2.08.050 Emergency rules and amendments.

(a)    If a department recommends, and the Tribal Council so finds, that immediate adoption or amendment of a rule is necessary for the preservation of the public health, safety, or general welfare of the Reservation population, and that observance of the requirements of notice and opportunity to present views on the proposed action would be contrary to the public interest, the Council may dispense with such requirements and immediately adopt the rule or amendment as an emergency rule or amendment. The Council’s finding and brief statement of the reasons for its finding shall be incorporated in the emergency rule or amendment.
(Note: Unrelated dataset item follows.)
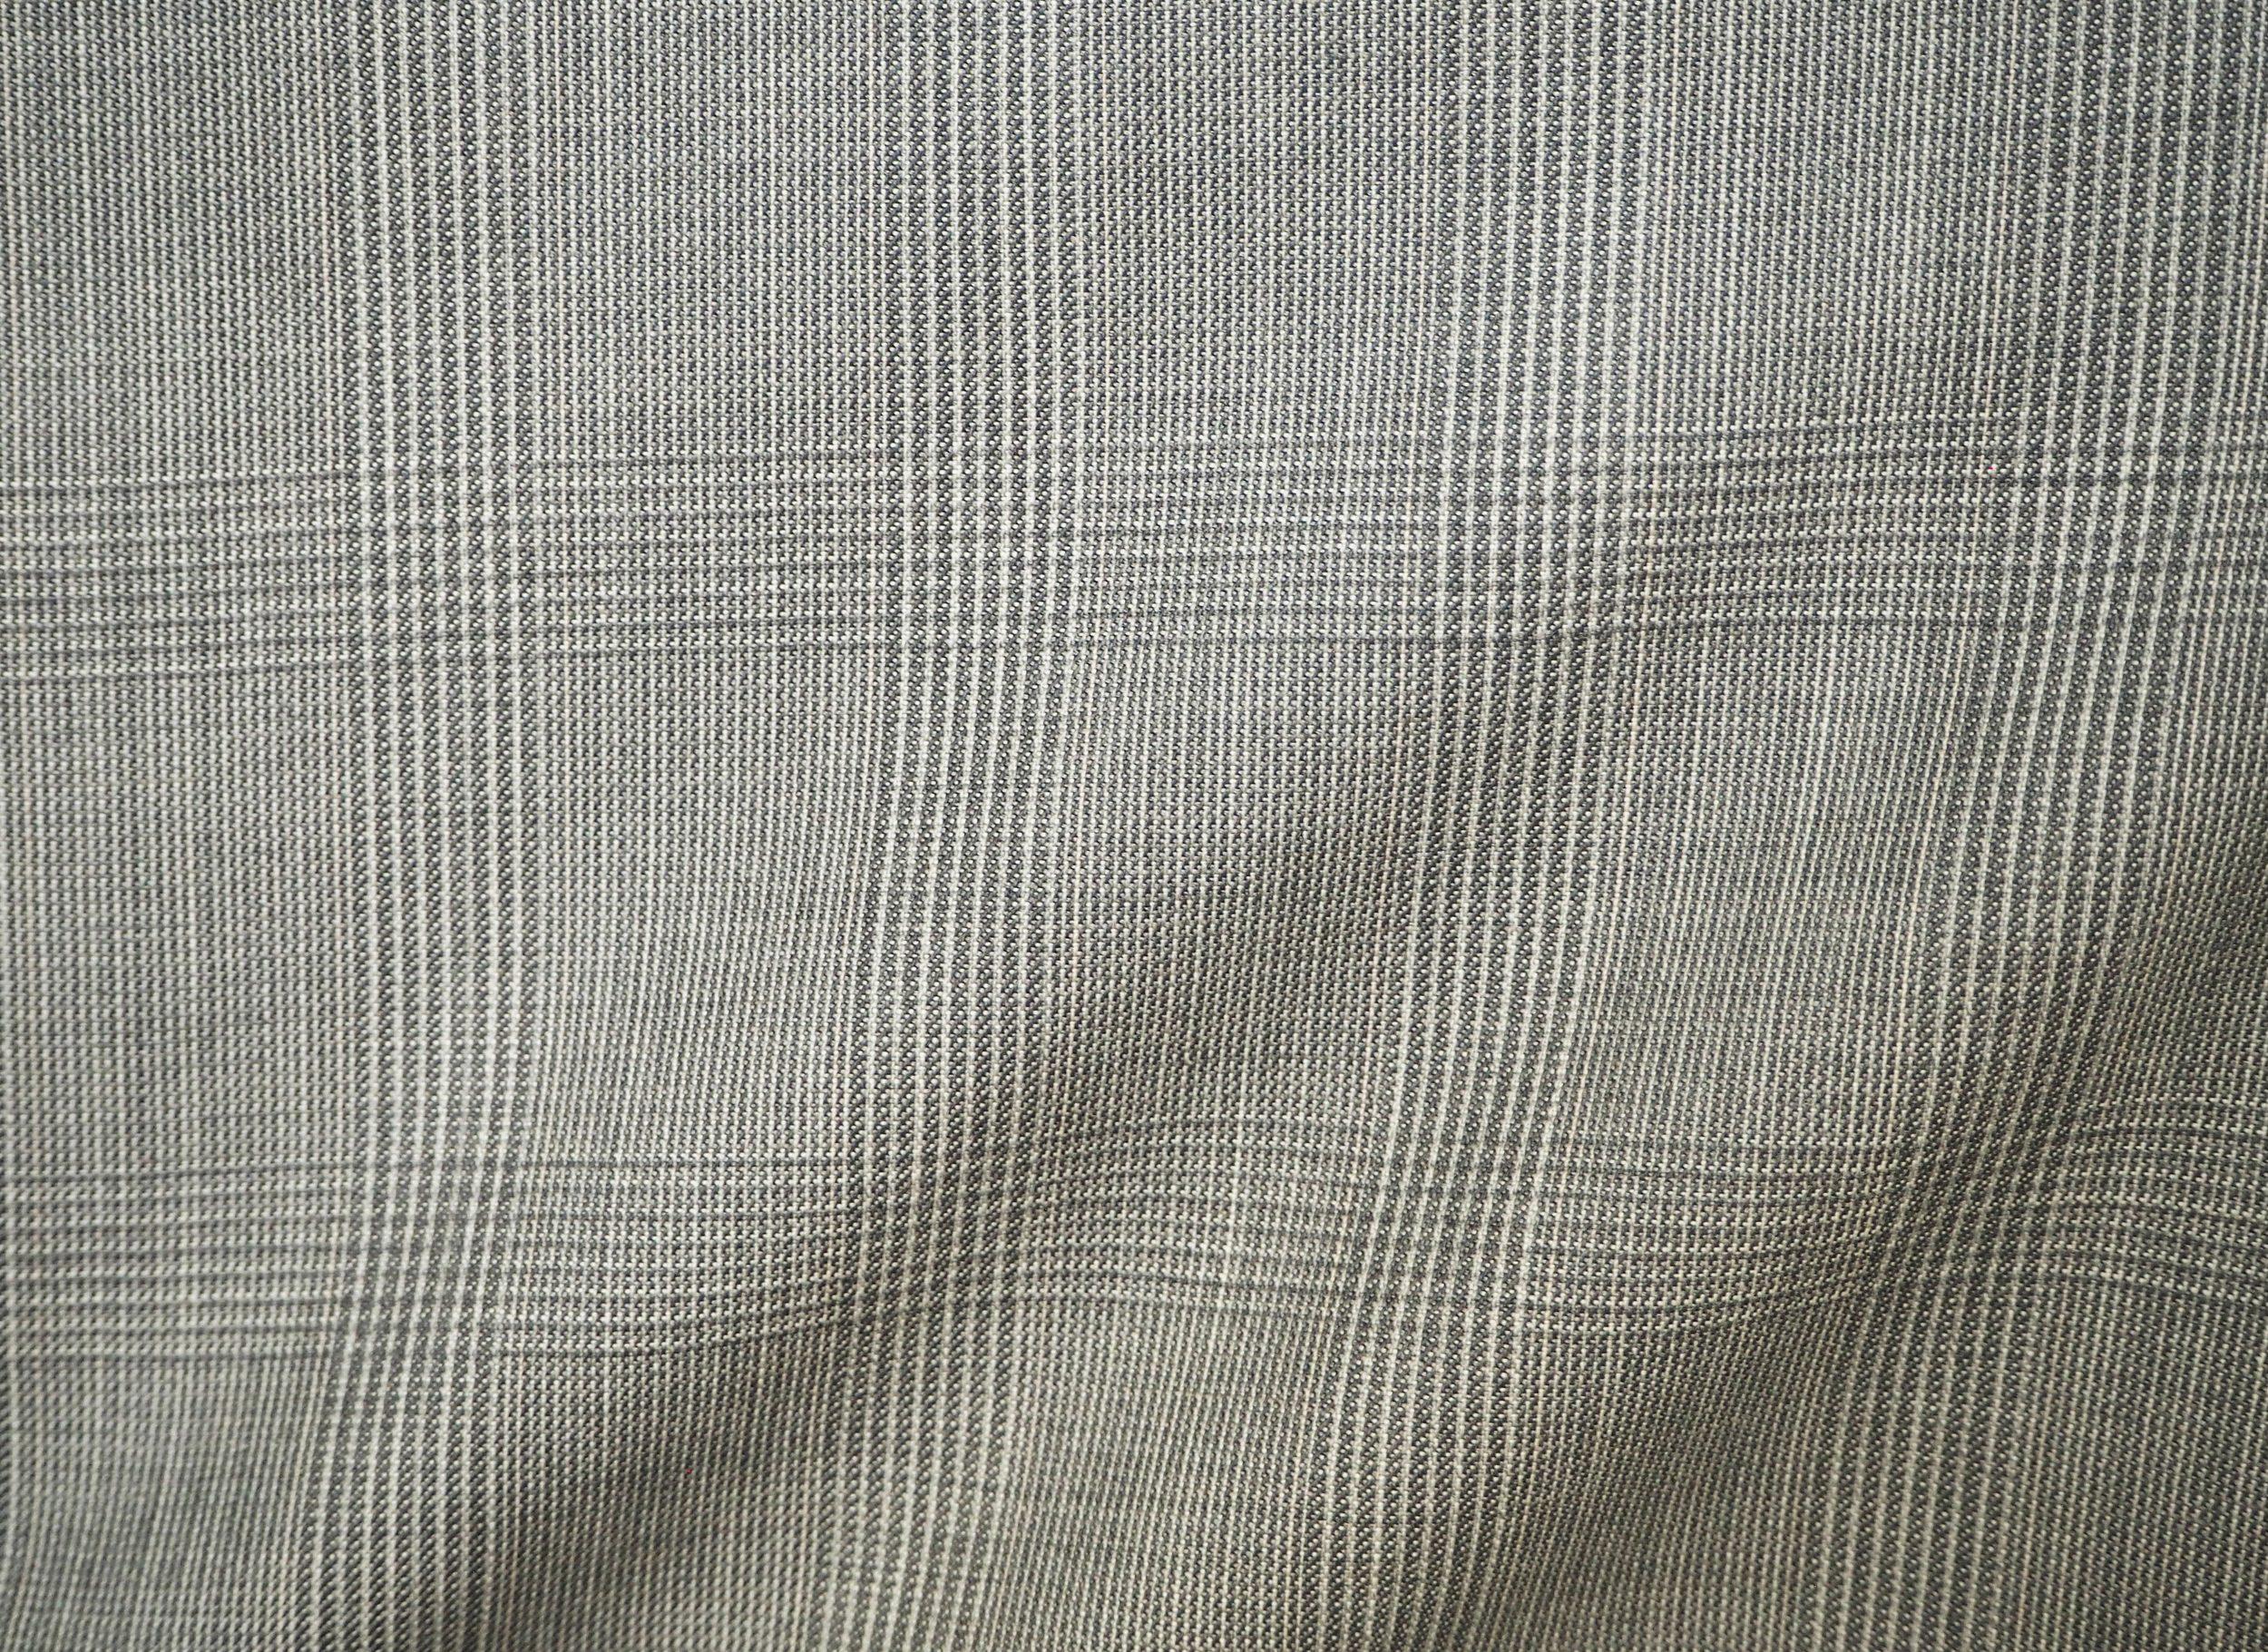 Stof---mønstret-lys-grå.jpg

An emergency rule or amendment shall not remain in effect for longer than 180 days after adoption.

(b)    The emergency rule may be published in any newspaper, but such publication is solely to inform the public of its adoption and nothing in this section shall be construed to prevent the implementation of the rule upon its adoption by the Council in accordance with this section. [Res. 180693-b (06/18/93) § 1.5]

2.08.060 Rules filed with the Secretary and public inspection.

(a)    Each department shall file with the Secretary a true copy of all rules now in effect and being implemented by that department. The Secretary shall keep a permanent register of such rules and all rules subsequently adopted by the Council in accordance with this Act. This permanent register shall be open to public inspection during normal business hours.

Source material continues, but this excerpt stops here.